Friday’s program opens with “Umoja: Anthem of Unity” by Valerie Coleman (b. 1970). Commissioned in 2019 by the Philadelphia Orchestra,  “Umoja” (the Swahili word for “unity”) began life almost 20 years ago as a song for women’s choir. “It embodied,” writes the composer, “a sense of 'tribal unity', through the feel of a drum circle, the sharing of history through traditional ‘call and response’ form and the repetition of a memorable sing-song melody”. Coleman subsequently arranged it for her woodwind quintet, The Imani Winds, who recorded it for Koch International in 2006.

The 2019 version for full orchestra is the most recent of many arrangements of that simple tune, making it the basis of a tone poem in theme and variations format and more than doubling its length. Here the theme is first sung sweetly by the first violin, over a shimmering background of bowed percussion instruments, harp, and strings. Over the next fifteen minutes or so it goes through many transformations and, at one point, is “interrupted by dissonant viewpoints led by the brass and percussion sections, which represent the clash of injustices, racism and hate that threatens to gain a foothold in the world today.” It builds to a triumphant call for unity in the brass and percussion before returning to the quiet serenity of the opening.

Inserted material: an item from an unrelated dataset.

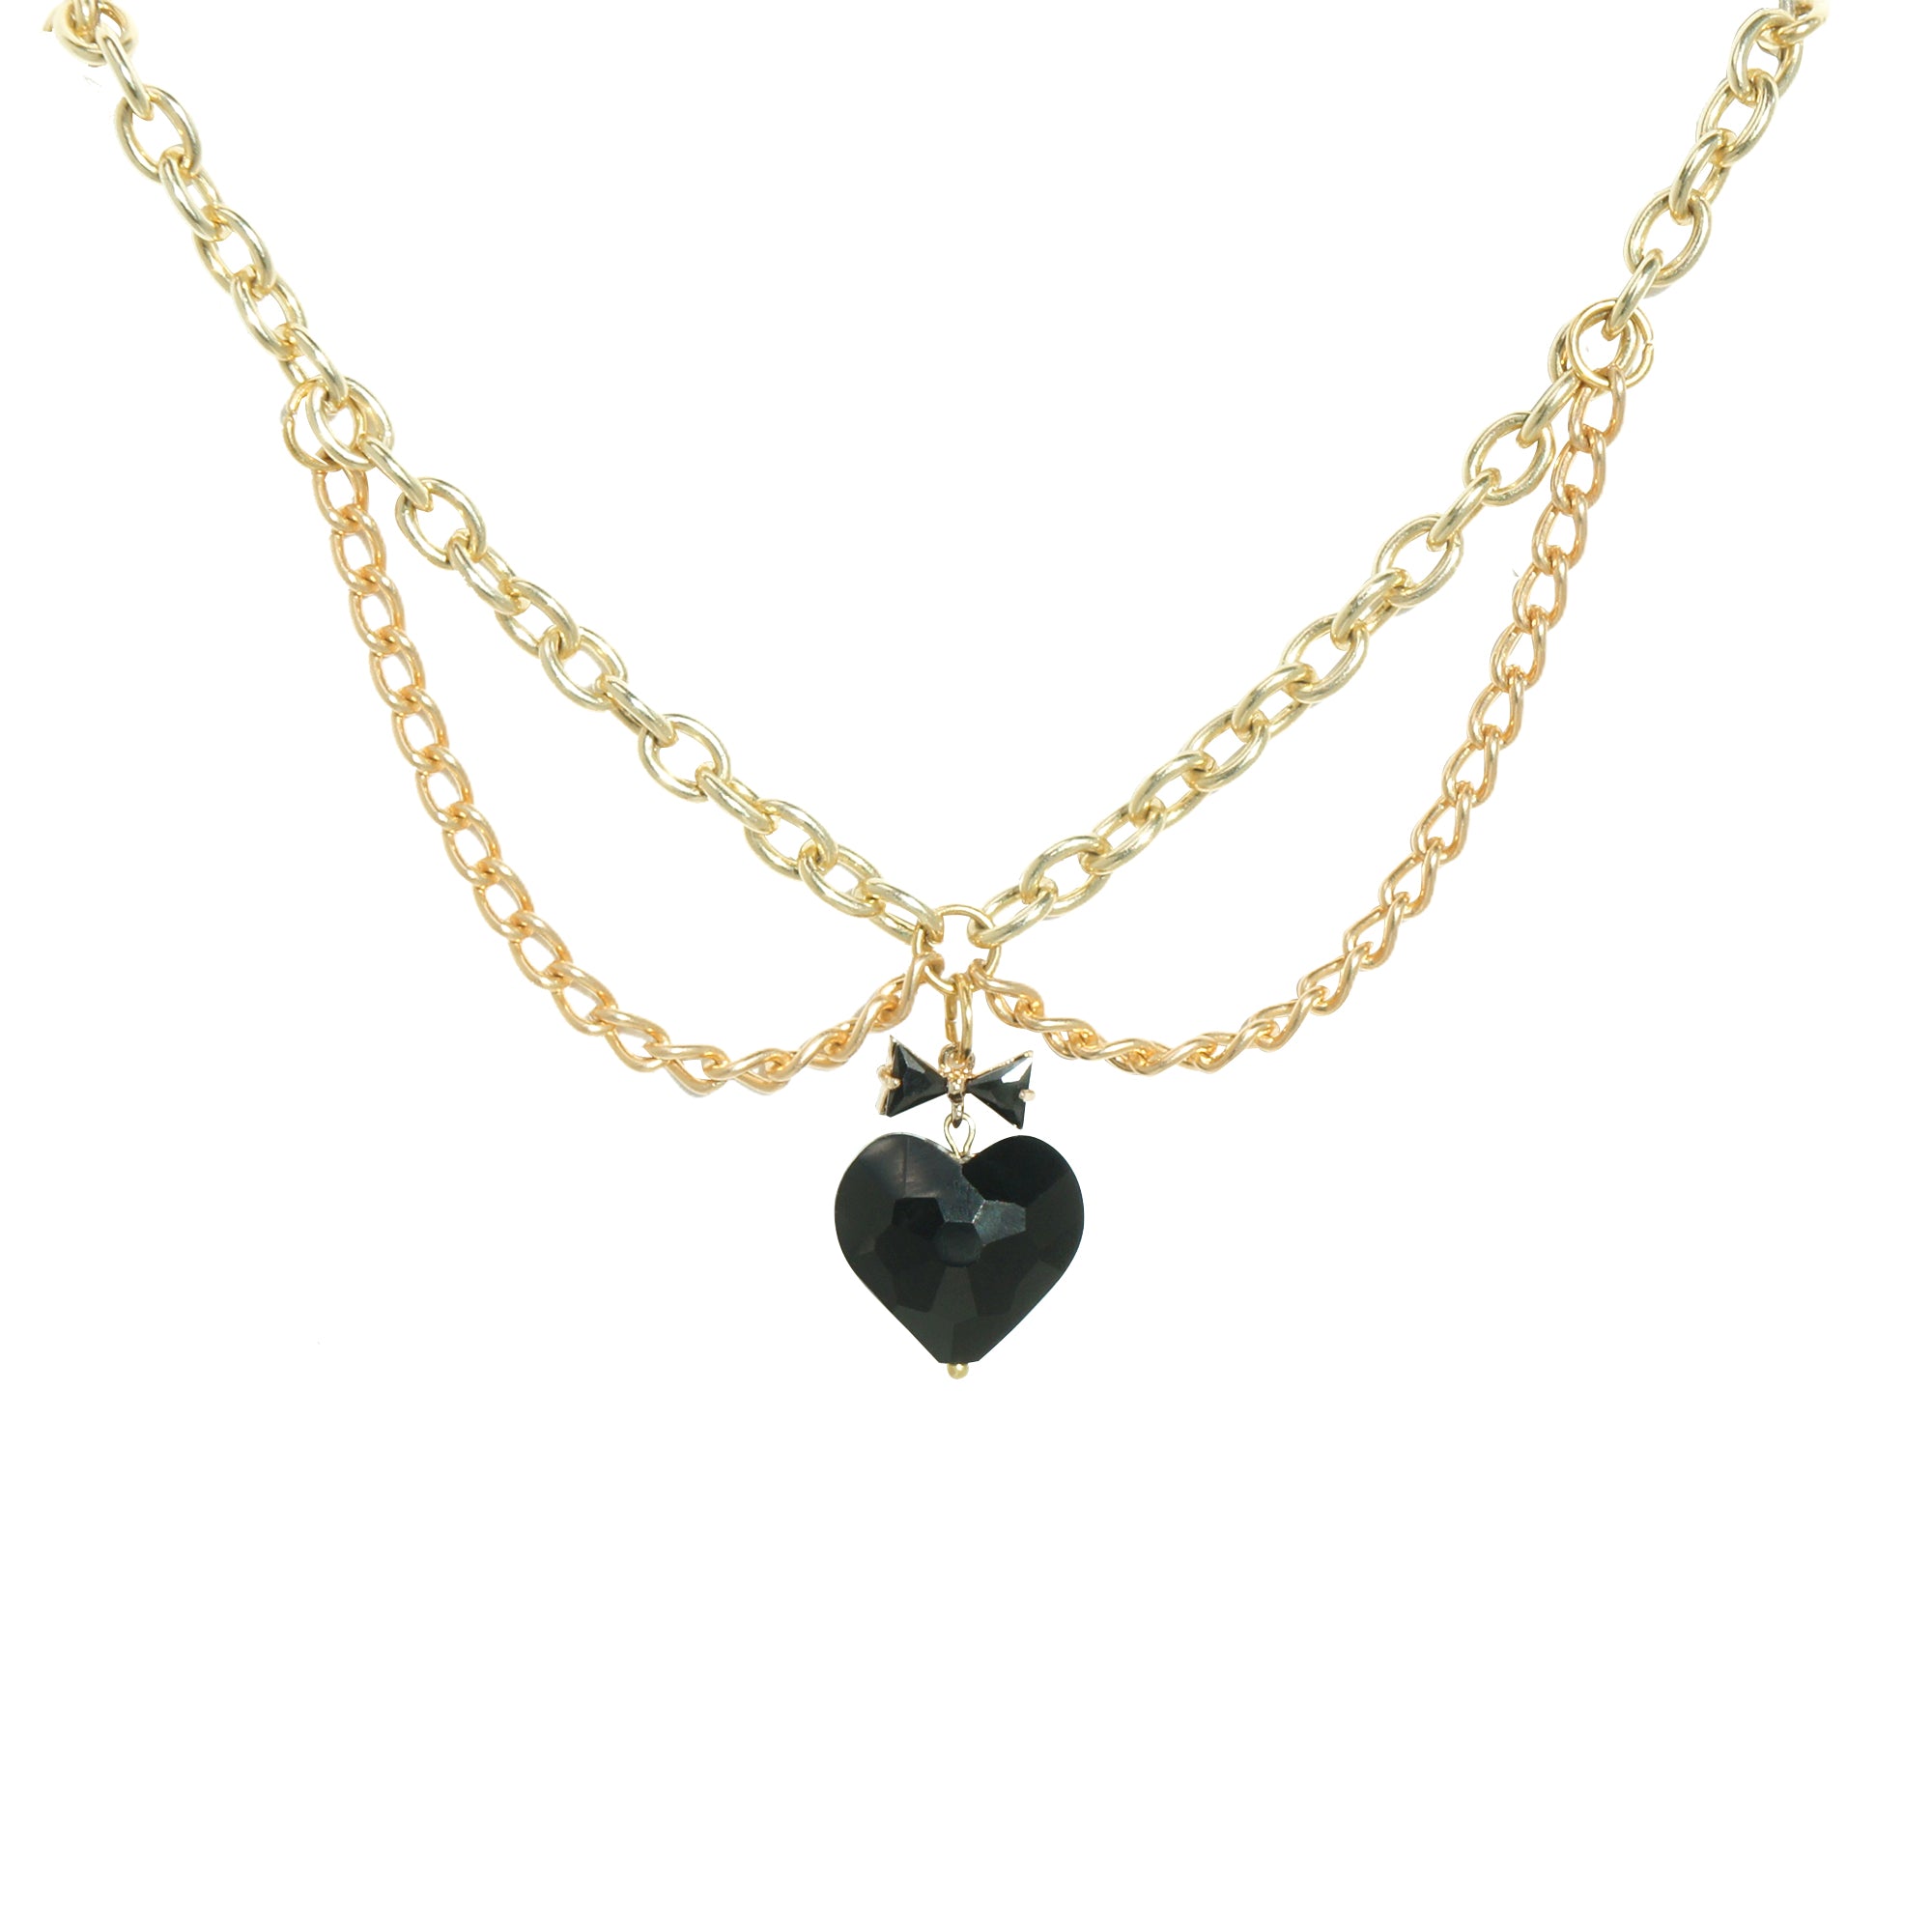 Whisper of Heart Chain Choker Necklace with Black Faceted Glass Heart Pendant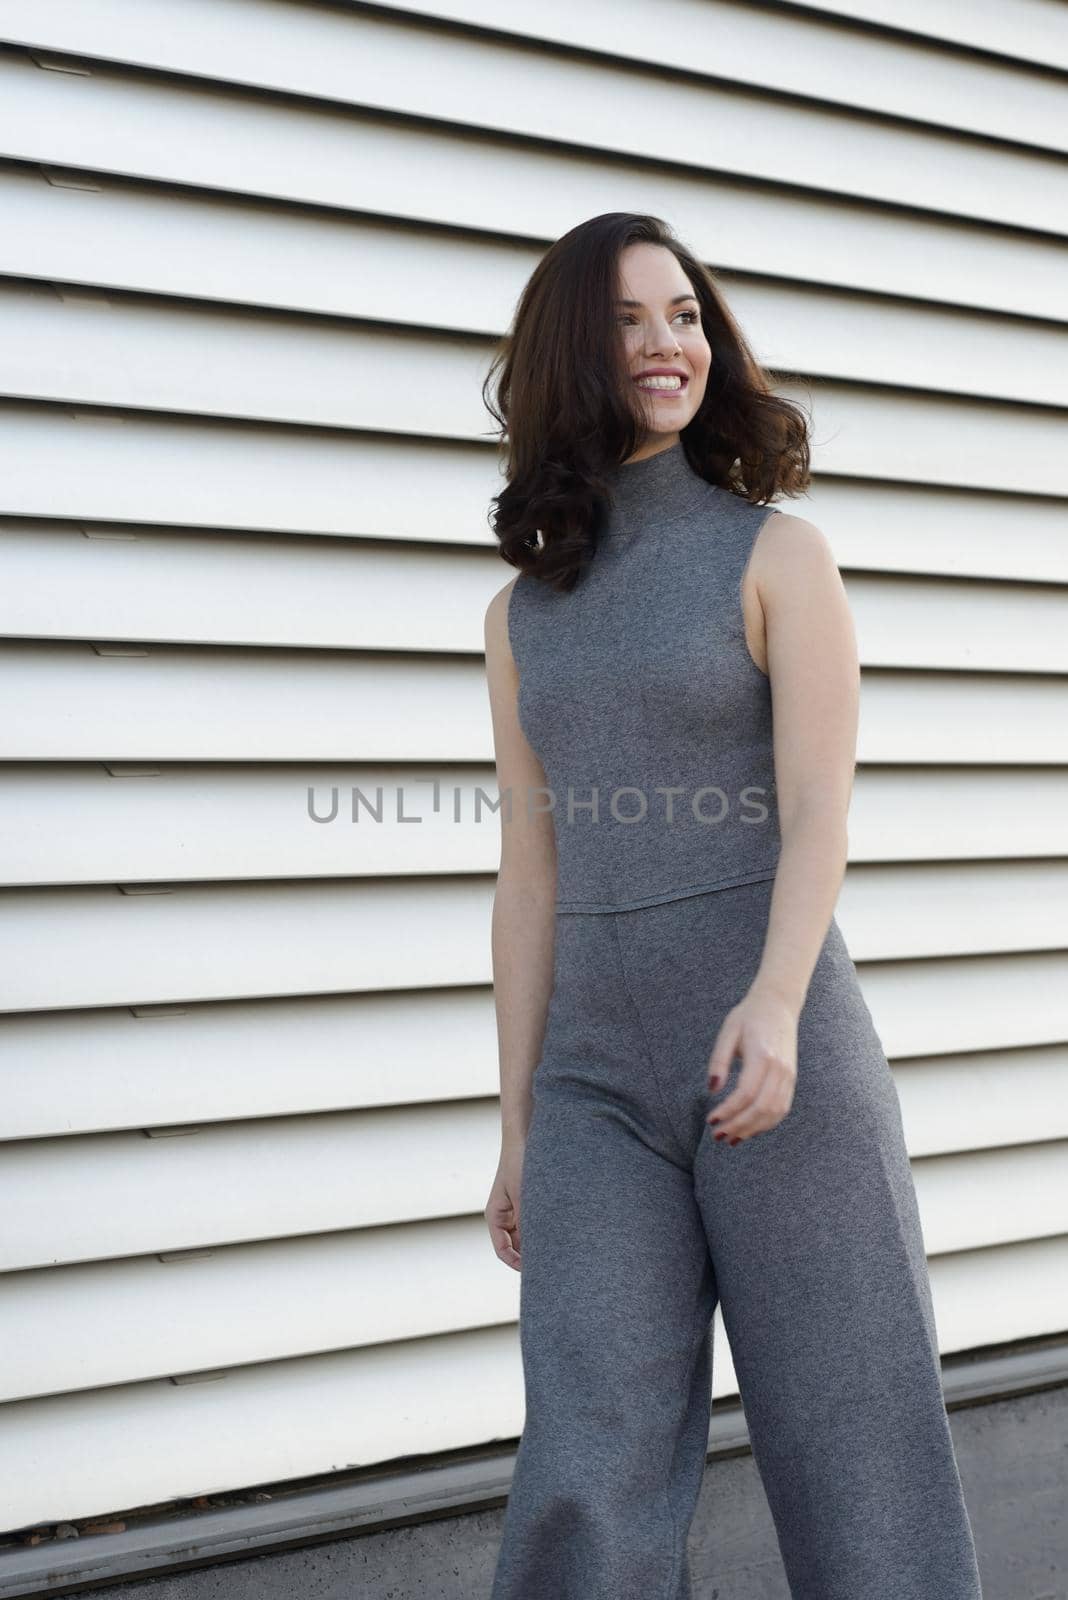 Young woman wearing casual clothes smiling in urban background. Girl with beautiful smile

According to the program notes by Justino Gordón-LeChevalé, "Umoja" is "a vibrant, musical invocation for a world increasingly in need of unity and freedom." This, along with Coleman's reference to "dissonant viewpoints," proposes another possible unifying idea in the program: the fact that all three composers who are represented here belong to historically marginalized groups. Coleman is a black woman, Florence Price (1887–1953), whose Symphony No. 3 closes the concert, was also a black woman, and the composer of the second work, Samuel Barber (1910–1981), was gay.

Samuel Barber, photographed by
Carl Van Vechten, 1944
Public Domain

Barber is represented by one of his more popular works, the Violin Concerto, Op. 14. It was commissioned in 1939 by Samuel Simeon Fels, founder of the soap company whose principal product, Fels-Naptha, will likely be familiar to those of us d'un certain âge. Fels wanted a concerto for his ward, the Ukrainian-born violinist Iso Briselli. What happened next has been the subject of some debate, but the consensus appears that Briselli’s violin coach, Albert Meiff, disliked the concert and pressured Briselli not to play it.

Meiff offered to "help" by rewriting the violin part, apparently under the impression that he was a 20th-century Joseph Joachim. Barber wasn’t having any of it, however. He continued to work on the concerto, Briselli’s exclusivity elapsed, and the premiere finally took place in 1941 with soloist Albert Spaulding and The Philadelphia Orchestra conducted by Eugene Ormandy. Briselli and Barber remained friends and Meiff is now a footnote in musical history.

Meiff was wrong in any case. The concerto proved to be a success, often performed and recorded by a “who’s who” of notable violinists, including this Friday’s soloist Augustin Hadelich. There’s also a 1986 recording by the SLSO under Leonard Slatkin with Elmar Oliveira as soloist.

I have always loved the piece. The dramatic first movement, the contemplative second, and the hair-raising Presto in moto perpetuo finale combine to produce a concerto that is both emotionally moving and, in the finale, filled with virtuoso fireworks. Briselli thought the last movement was too short compared to the first two, but he seems to have missed the fact that sheer length isn’t the same as dramatic impact.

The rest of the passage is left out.